16. The robot control method according to claim 11, characterized in that the step of generating the robot's travel path includes the step of determining the connected graph in which each of the at least one unit map is applied as a node and the at least one waypoint is applied as an edge between the nodes, based on the determination of the at least one waypoint.
17. The step of generating the robot's travel path is: The steps include identifying a reference unit map containing the target position of the robot in at least one of the unit maps, A step of identifying a comparative unit map adjacent to the reference unit map using at least one waypoint, The robot control method according to claim 16, characterized in that if the robot identifies that it is impossible to move from the at least one waypoint between the comparison unit map and the reference unit map to the target position due to an obstacle included in the reference unit map, the robot deletes the at least one waypoint between the comparison unit map and the reference unit map.

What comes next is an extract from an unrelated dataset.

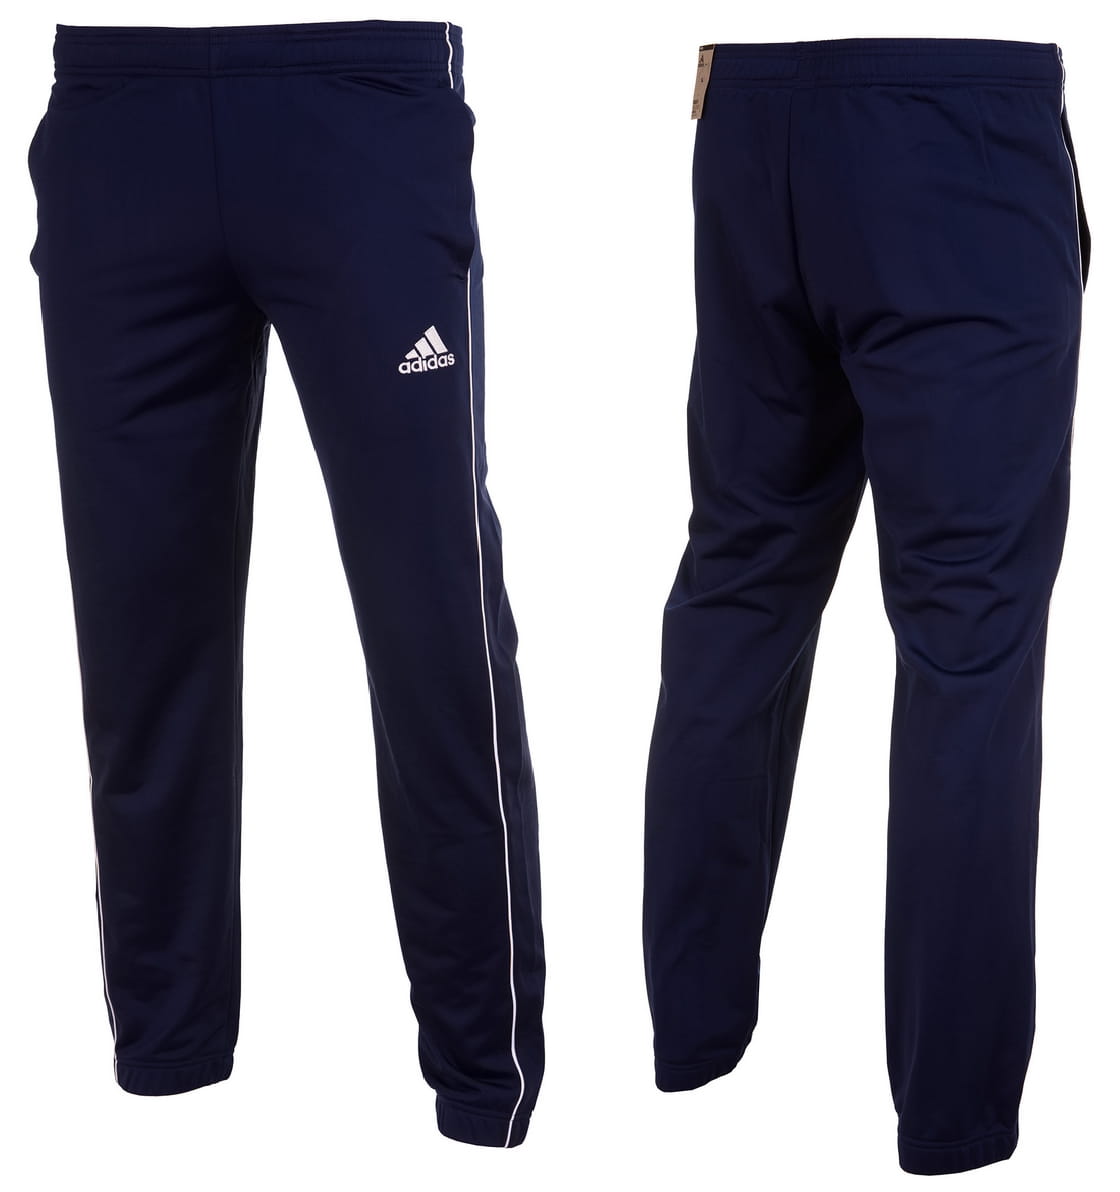 Pantalones Adidas Core 18 Junior Niña - CV3586 - azul oscuro depor8

18. The step of generating the robot's travel path is: A step of determining the weighting value of the edges included in the connected graph based on the speed of the robot, the energy consumption of the robot, the safety of the robot, the priority of each of the at least one unit map, or at least one combination thereof. The robot control method according to claim 16, comprising the step of applying the linked graph, on which the weighted values have been determined, to a predetermined path algorithm to generate the travel path based on the obtained path score.
19. The step of generating the robot's travel path is: A step of controlling the robot so that it moves along the travel path based on the generation of the travel path, The robot updates the target map by receiving information about obstacles it has identified while moving. The robot control method according to claim 11, characterized by comprising the step of determining the at least one waypoint again based on the target map on which the update has been performed.
20. The step of generating the robot's travel path is: If the at least one unit map relates to a multi-layer structure, the steps include determining a target layer from among the multiple layers included in the multi-layer structure, The robot control method according to claim 11, comprising the step of generating the target map by linking at least one map relating to the target layer among the at least one unit map.